Cranston is an icon in Canadian sport, he tells us about the Olympics and world championships. Figure skating is a performance art and there is a flamboyant theatricality about the character – he needs an audience to listen to him in order to be happy. Indeed, Cranston as presented, seems to need to be worshipped by his adoring fans.
The play presents a series of stories of cruel figure skating judges, paparazzi stalking him and lovers (both male and female), of early childhood experiences that shaped him in “Swastika, Ontario”, where homophobia was rampant and beauty and sensitivity were ruthlessly stamped out. Toller endures being different from those around him and vows to become better then the circumstances from which he has sprung forth.
There is a narrative twist to the play which I won’t fully reveal. But the basic idea is that Cranston in telling this story to us is actually rehearsing the very play that we are watching to an audience of no one whatsoever. Or perhaps not and our reality is that we are all sitting in the Artbar watching the show. It is up to you to figure it out when you see it.
I found actor David Tomlinson – who bears no small resemblance to the British actor Benedict Cumberbatch – to be engaging and compelling in the role of Cranston. He has a wide range of emotions and his need to be heard and understood is what raises the stakes and draws us in.
I am quite a fan of playwright Sky Gilbert’s writing – mostly as it forces me to think about experiences that, while not my own, show me the world around me in a entirely different and new way. Over the years the body of work he has created is impressive and he has written more then a a few plays that I think are wonderful and have been seen only briefly. THE WHORE’S REVENGE is the one I have wanted to revive myself at some point as I recall the production of it in Toronto in 1989 with a great deal of fondness. WHY WE TORTURED HIM is also – particularly for a local audience – one of the most important plays that ever came out of Hamilton. These are plays that need to be revisited I think. Perhaps if my luck at next year’s fringe lottery holds – I will get the opportunity. Fingers crossed.

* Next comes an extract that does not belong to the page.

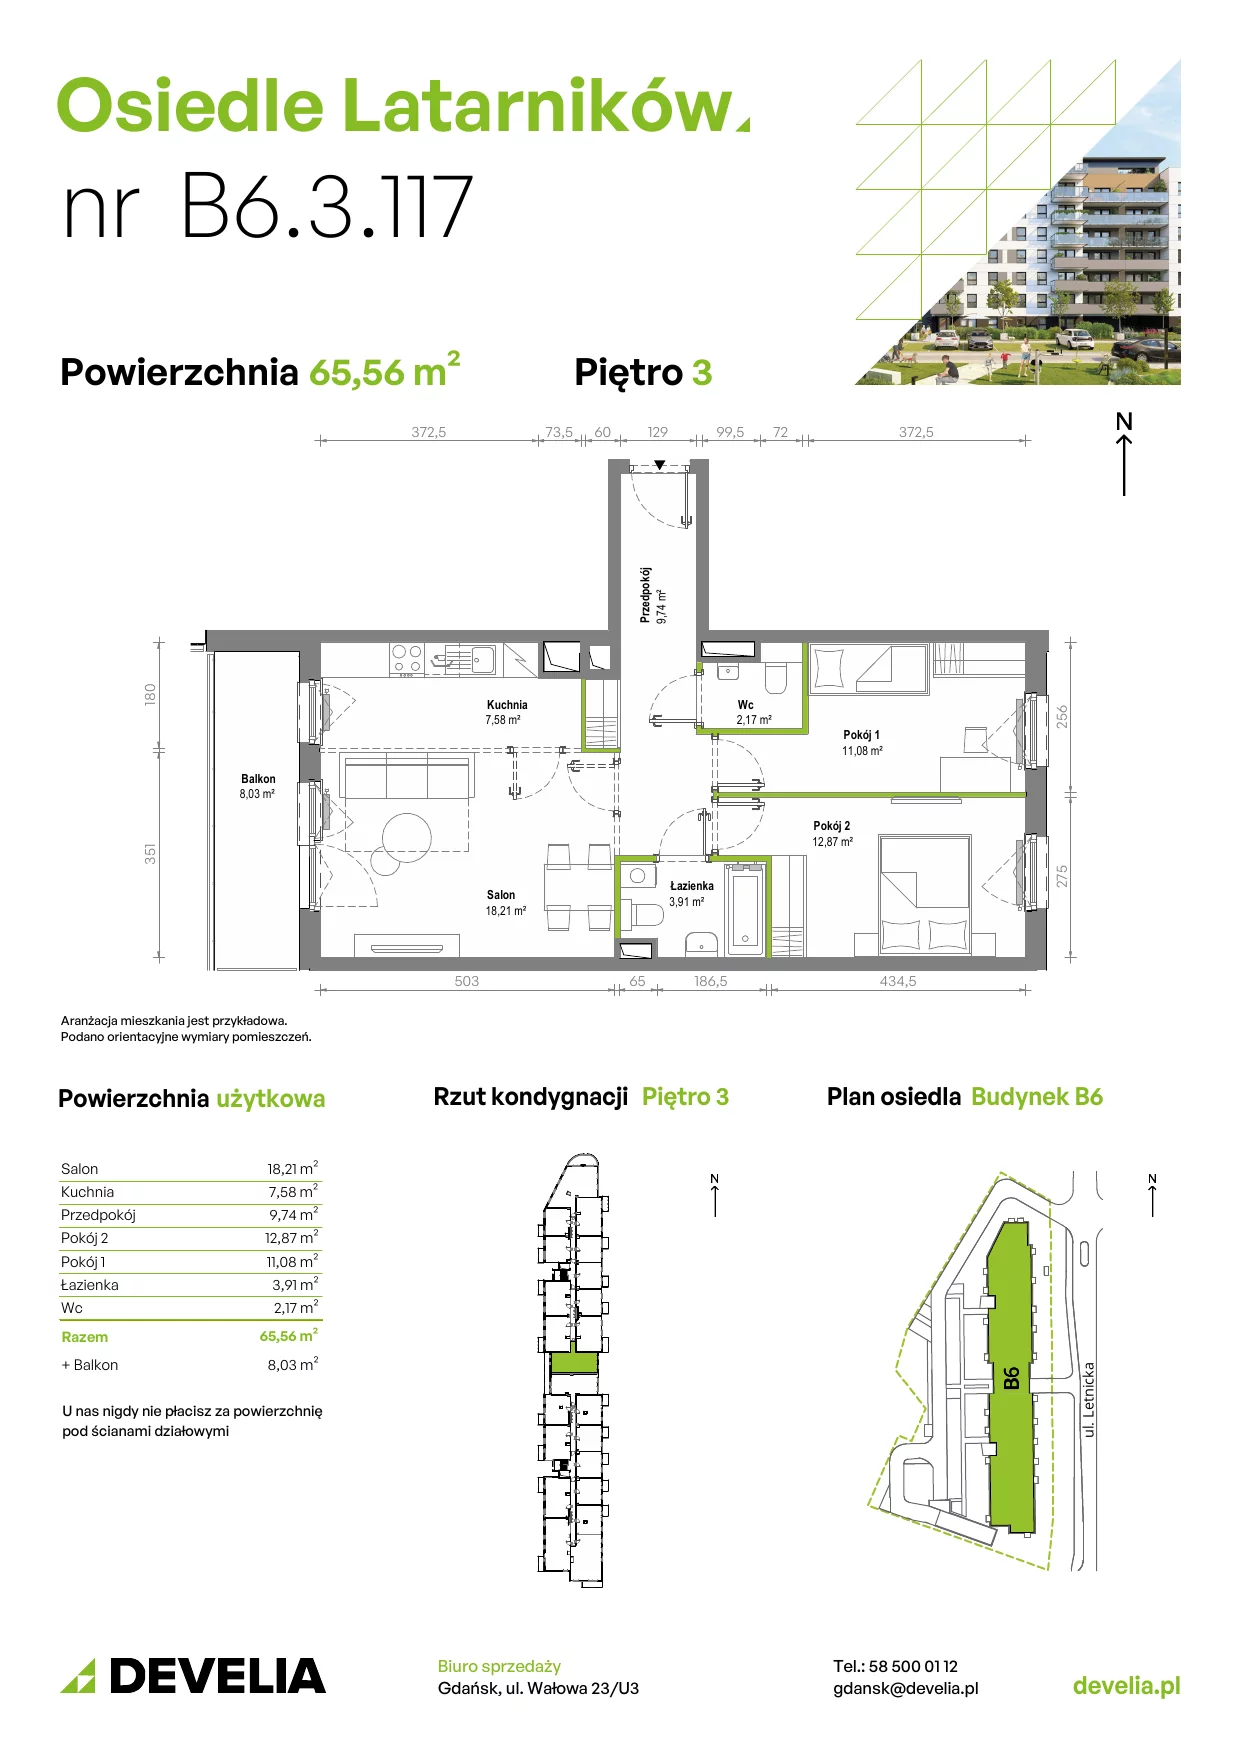 Mieszkanie 65,28 m², piętro 3, oferta nr B6.3.117, Osiedle Latarników, Gdańsk, Letnica, ul. Letnicka 1

Sky Gibert created HammerTheatre as a local alternative theatre company back in 2007 to produce plays that were meant specifically for a Hamilton audience, and were thus unlikely to be performed anywhere else. While this particular production is not by HammerTheatre, still the production team and venue recall those shows, in my mind at least.
Sadly, after a run at the Toronto Fringe, the brief run of this play at the Hamilton Fringe has come and gone. I am grateful for the chance to have seen it, as I missed it in its first run last November.
NOTE – I have no relationships with anyone involved in the first two productions. But I have briefly served on a a non profit board with Sky Gilbert – I have also been fortunate enough though to have had a long time friendship with Theatre Aquarius co-founder Steve Newman who stage manages and has designed the set for TOLLER. I know that anything I have written here about their show is filtered through those relationships – but as the production has now closed I think it more then fair to praise the work of these gentlemen, as it is so richly deserved.
Many of the productions in the Hamilton Fringe are created by young people getting the chance to create a body of work for the first time. I am happy though that there is also room in the festival for older artists of long standing. The festival itself treats all participants in the festival equally, although as the capacity crowd at TOLLER proves audiences themselves treat senior artists perhaps a bit better.
Once again gentle reader, I find it a great privilege to have the chance to experience these productions and to have the opportunity afterwards to write about them. More thoughts on the shows I have seen so far in the Hamilton Fringe will appear tomorrow after I have had the chance to have write them up.